EASE 2024
Tue 18 - Fri 21 June 2024 Salerno, Italy

Software repositories have a plethora of information about software development, encompassing details such as code contributions, bug reports, code reviews, and project documentation. This rich source of data can be harnessed to enhance not only software quality and development velocity but also to gain insights into team collaboration, identify potential bottlenecks, and inform strategic decision-making throughout the software development lifecycle. Previous studies show that many stakeholders cannot benefit from the project information due to the technical knowledge and expertise required to extract the project data.

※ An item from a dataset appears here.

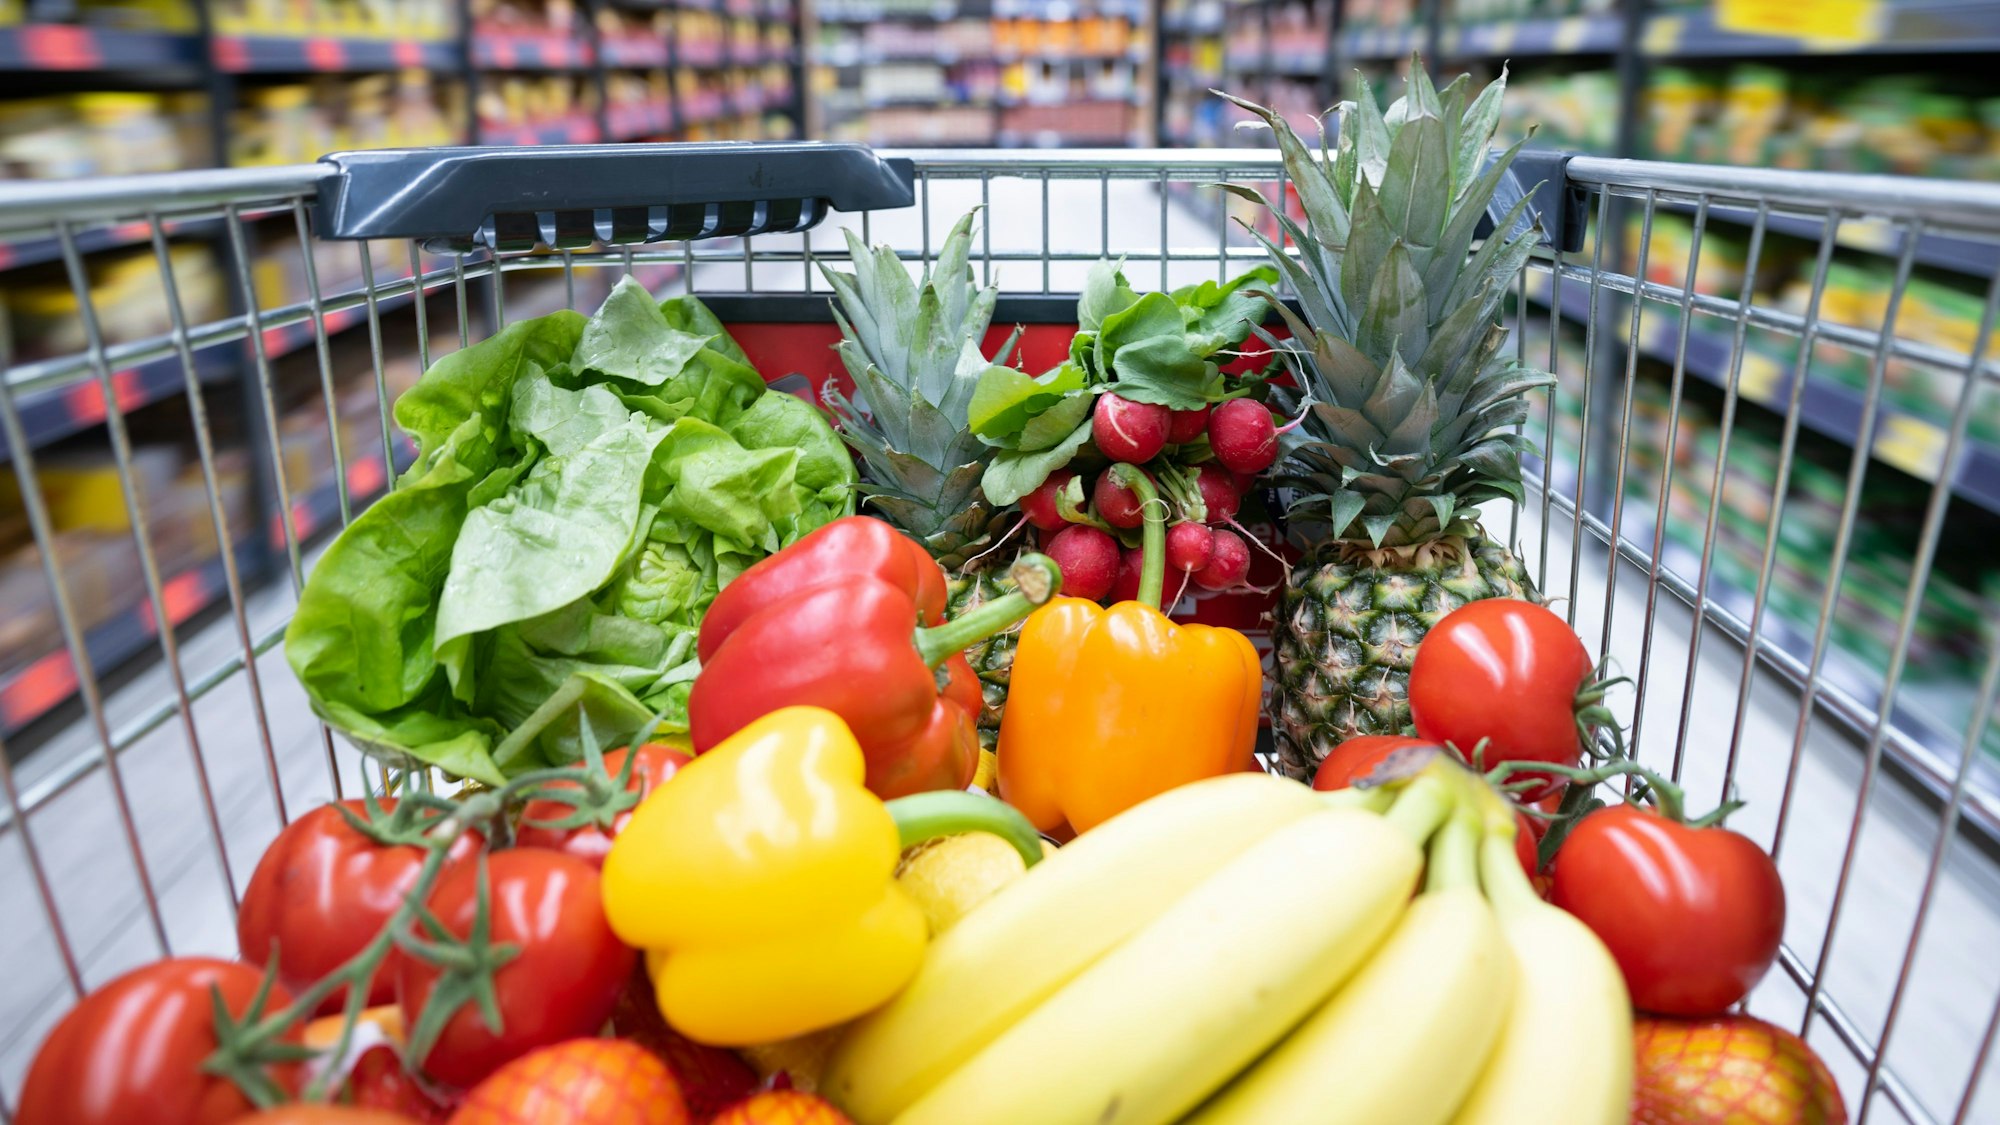 Ein Einkaufskorb mit Obst und Gemüse steht in einem Supermarkt. Der kräftige Anstieg der Lebensmittelpreise in den vergangenen Monaten ist nach Einschätzung des Kreditversicherers Allianz-Trade nicht nur auf die gestiegenen Rohstoffkosten und Energiepreise zurückzuführen.

To lower the barrier to entry by automating the process of extracting and analyzing repository data, we explored the potential of using a large-language model (LLM) to develop a chatbot for answering questions related to software repositories. We evaluated the chatbot on a set of 150 software repository-related questions. We found that the chatbot correctly answered one question about the repository. This result prompted us to shift our focus to investigate the challenges in adopting LLMs for the out-of-the-box development of software repository chatbots. We identified five main challenges related to retrieving data, structuring the data, and generating the answer to the user’s query. Among these challenges, the inaccurate retrieval of data to answer questions is the most frequent, occurring in 83.3% of the queries. In this paper, we share our experience and challenges in developing an LLM-based chatbot to answer software repository-related questions within the SE community. We also provide recommendations on mitigating these challenges. Our findings will serve as a foundation to drive future research aimed at enhancing LLMs for adoption in extracting useful information from software repositories, fostering advancements in natural language understanding, data retrieval, and response generation within the context of software repository-related questions and analytics.